3. The user service performs a branch transaction, inserting a record into the user table.
4. The logic is executed until the integral service is called remotely (the XID is propagated in the context of the microservice invocation link). The RM of the integral service registers a branch transaction with TC, which performs the logic of adding points and brings it into the jurisdiction of the XID corresponding global transaction.
5. The integral service performs a branch transaction, inserts a record into the integral record table, and returns to the user service after execution.
6. The user service branch transaction is complete.
7. TM initiates a global commit or rollback resolution against the XID to TC.
8. TC schedules all branch transactions under XID to complete commit or rollback requests.
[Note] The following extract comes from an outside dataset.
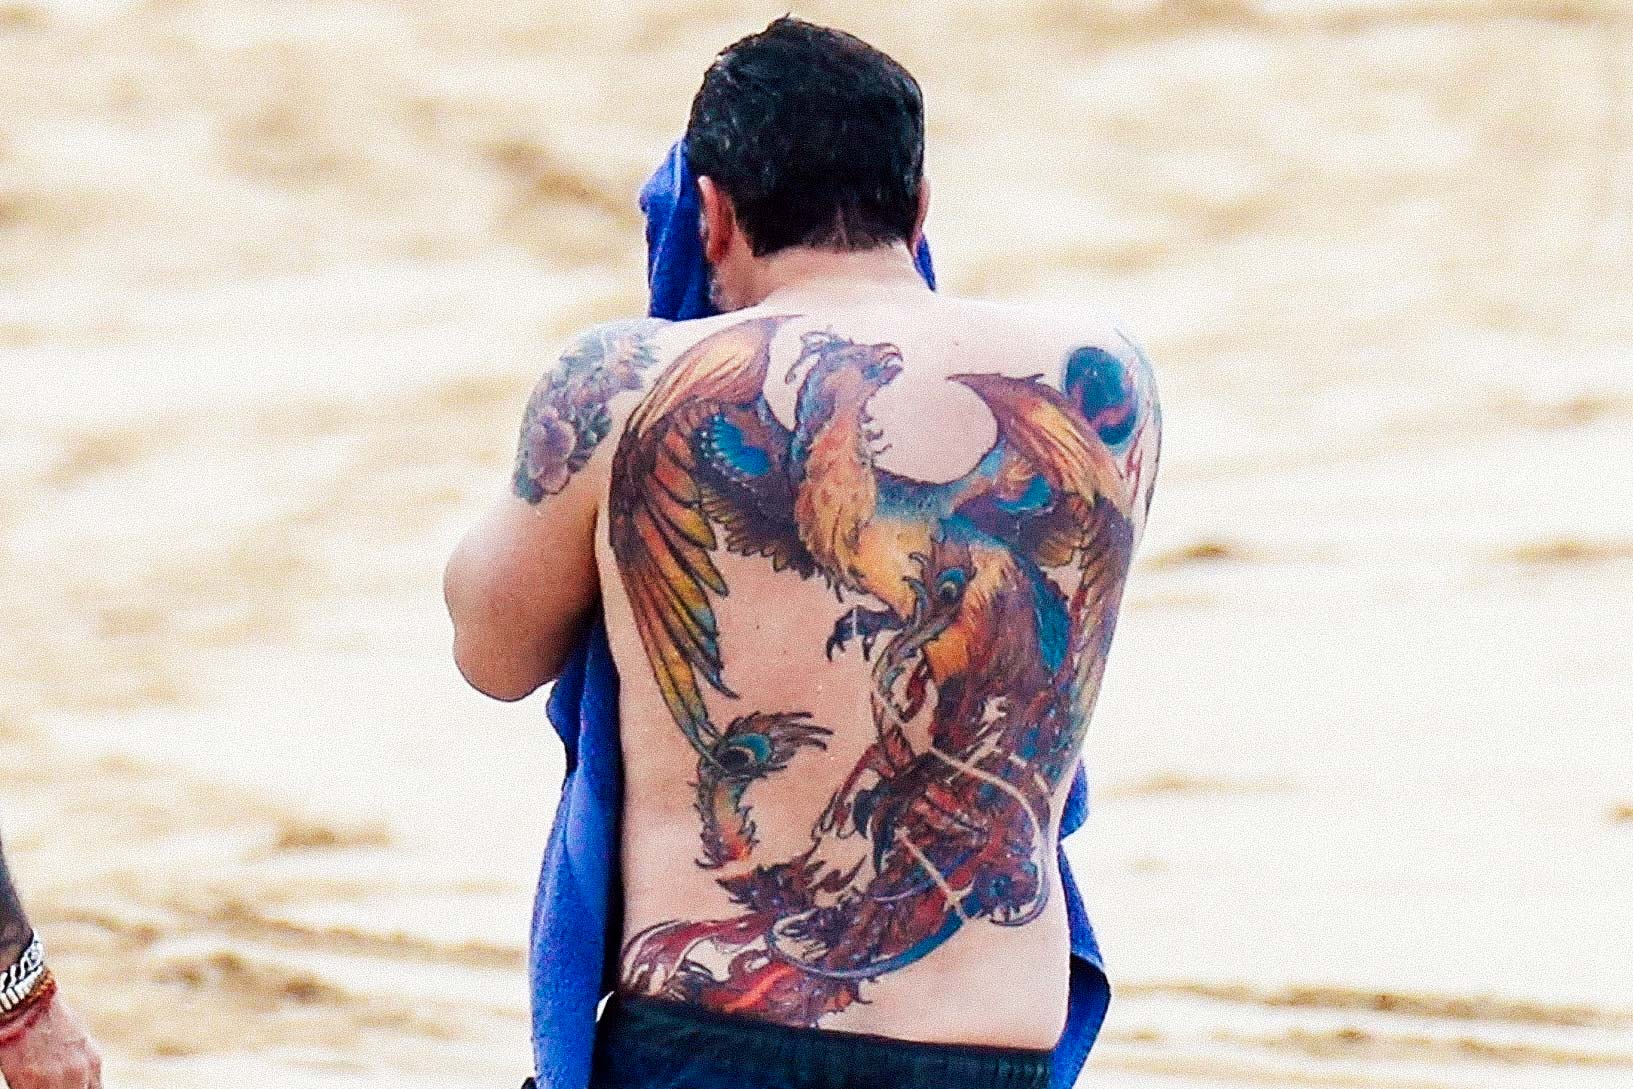 An interview with a tattoo artist about Ben Affleck's massive back tattoo.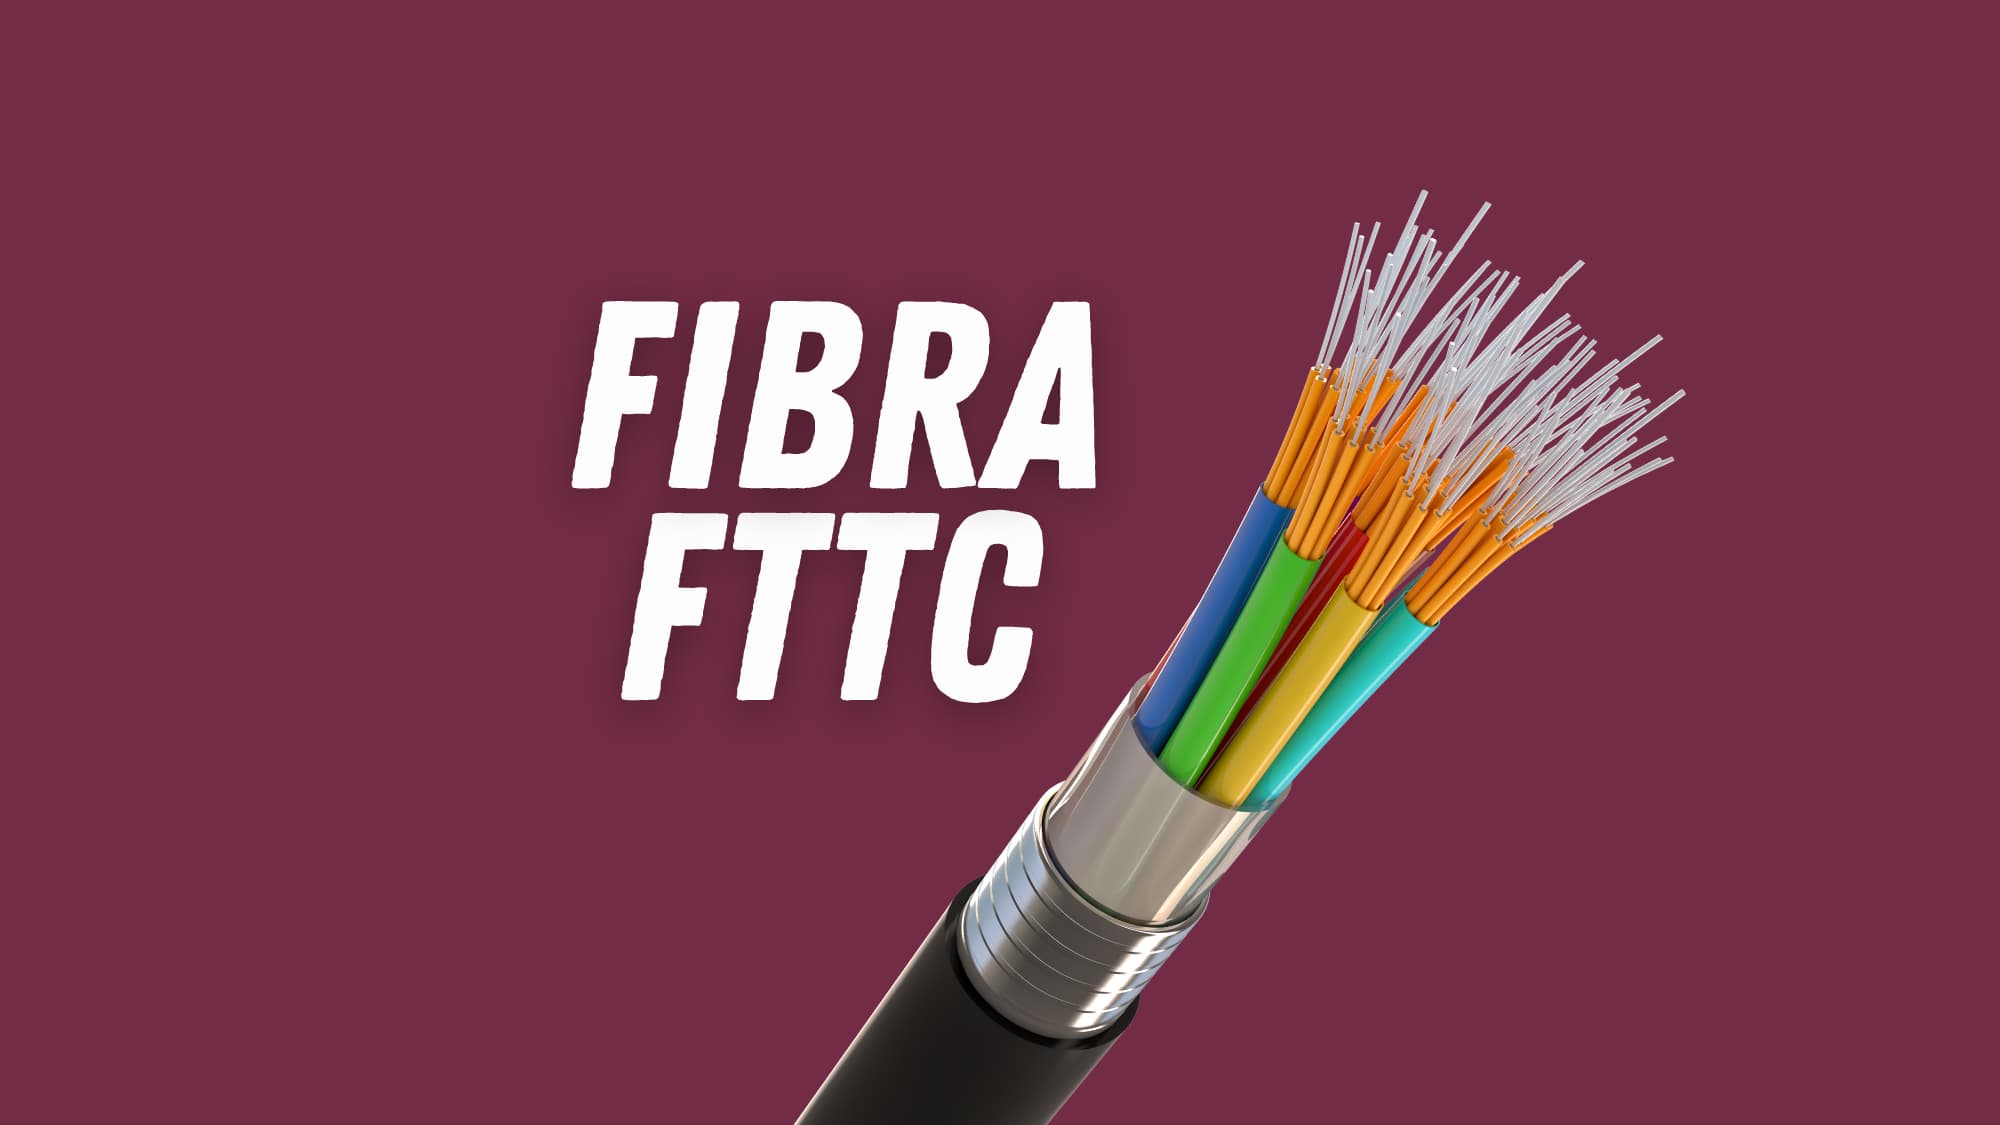 Fibra FTTC

Seata implementation of 2PC and traditional 2PC differences:

In terms of architecture level, the RM of the traditional 2PC scheme is actually in the database layer, and RM is essentially the database itself, implemented through XA protocol, while THE RM of Seata is deployed in the application program side in the form of JAR package as the middleware layer.

In terms of two-phase commit, traditional 2PC holds locks on transactional resources until Phase E2 is complete, regardless of whether the second phase resolution is COMMIT or ROLLBACK. Instead, Seata commits the local transaction at Phase1, which saves Phase2 from being locked and improves overall efficiency.